25 mayo, 2026

MATANDO LAS OBRAS PECAMINOSAS

“Por tanto, hermanos, tenemos una obligación, pero no es la de vivir conforme a la naturaleza pecaminosa. Porque si ustedes viven conforme a ella, morirán; pero si por medio del Espíritu dan muerte a los malos hábitos del cuerpo, vivirán.”

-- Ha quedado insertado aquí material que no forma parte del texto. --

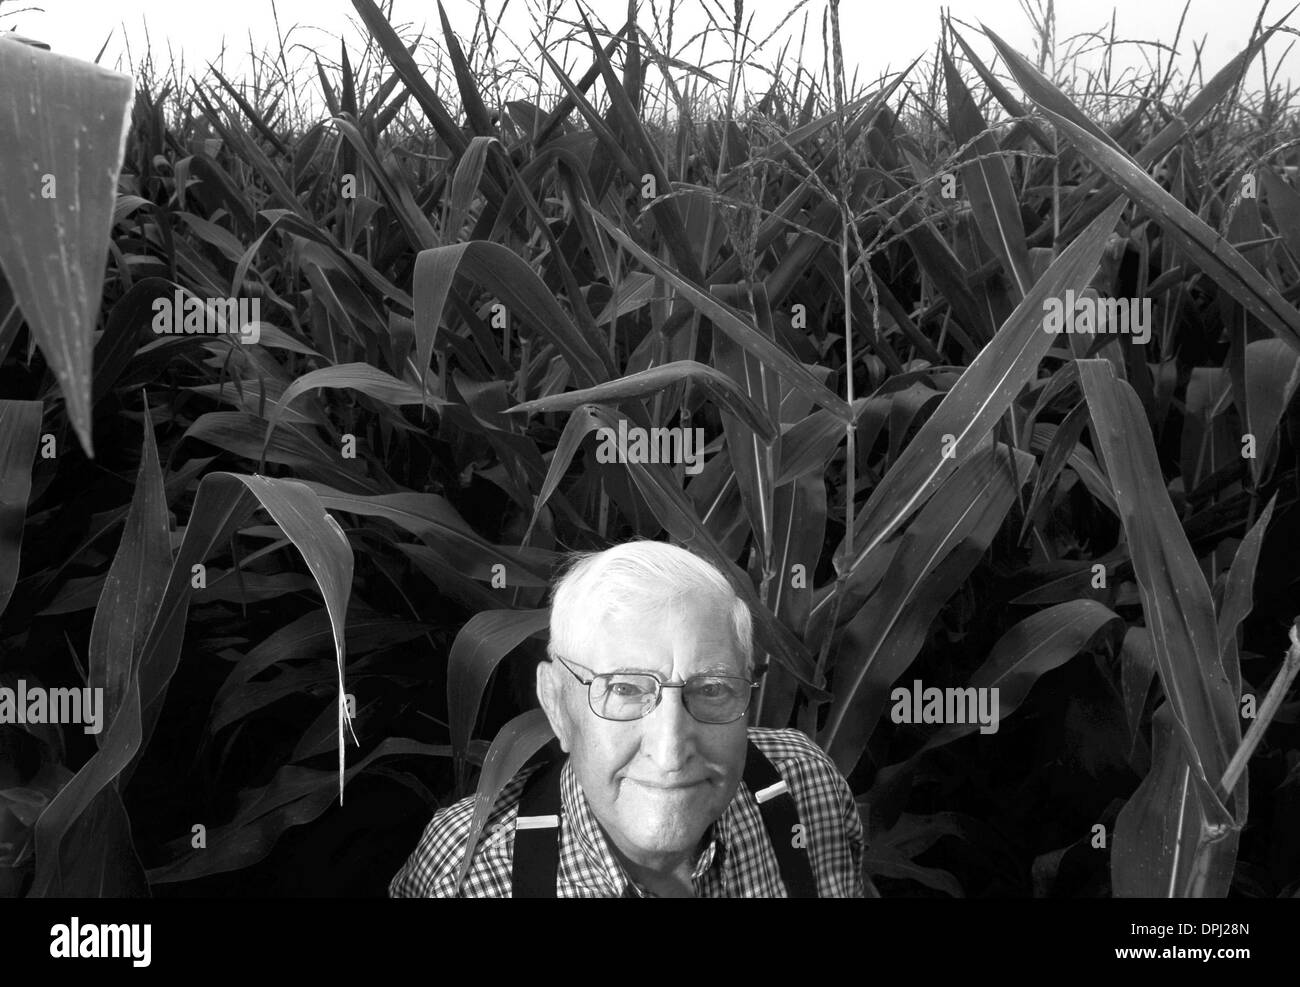 Mar 24, 2006 - Tremont, Illinois, Stati Uniti - CHRIS SCHWEIGERT, Età: 91. Occupazione: l'agricoltore. Natale: Tremont, Illinois. Gli anziani d'America stanno lavorando più tardi e più tardi in anni. Molte persone in tutta l'America stanno ancora lavorando lungo passato l'età media di pensionamento. (Credito Immagine: © Chris Curry/zReportage.com/ZUMA) Foto Stock

Apóstol Pablo a los Romanos 8:12-13

“Has morir las obras de la carne”. Hay un término en teología: Mortificación. Este término es importante. Estamos familiarizados con palabras como funeraria, mortuoria, mortalidad y mortandad. Están involucradas con la palabra muerte. La mortificación es matar las obras pecaminosas de nuestra carne o naturaleza pecaminosa. Significa dar muerte a las malas obras que hemos hecho y que son pecado. La mortificación no es masoquismo, infligir dolor a uno mismo. La mortificación no es ascetismo, negarse ciertos placeres físicos. La mortificación es rechazar la práctica del pecado y darle muerte.

John Scott dice en uno de sus libros: “Hay una especie de vida que conduce a la muerte y una especie de muerte que conduce a la vida.” La mortificación del pecado lleva a la vida. Algunos de los pecados a los que debemos dar muerte son: crueldad al hablar, mentira, chisme, lujuria, egocentrismo, pereza, glotonería, manejar vehículos de manera irresponsable, robo, adicciones y otros mas. “Por el Espíritu Santo, debemos hacer morir las obras de la carne.” Debemos: “Vivir en solo por el Espíritu.

Un escritor llamado Francis Chan, escribió un libro titulado: “El Dios olvidado”. Cita el comentario del predicador A. W. Toser: “Que nos quede claro, el nivel de espiritualidad entre nosotros es bajo. Nos hemos medido por nosotros mismos hasta que el incentivo para buscar mesetas más altas en las cosas del Espíritu se ha ido.” Nuestro problema, es que imitamos a las personas que viven sin Cristo.”

A los Romanos 8:1-17 es uno de los grandes pasajes de la vida en el Espíritu y en contraste la palabra carne aparece solo 8 veces. En los versículos 3-8 se refiere atender sus caminos centrados en nosotros mismos y en nuestra suficiencia. Lo cual, desde la perspectiva del Espíritu no debe ser así. Al depender de Él, podemos dar muerte a las obras de nuestro yo o de nuestra naturaleza pecaminosa y experimentar la vida victoriosa de nuestro Señor Jesucristo.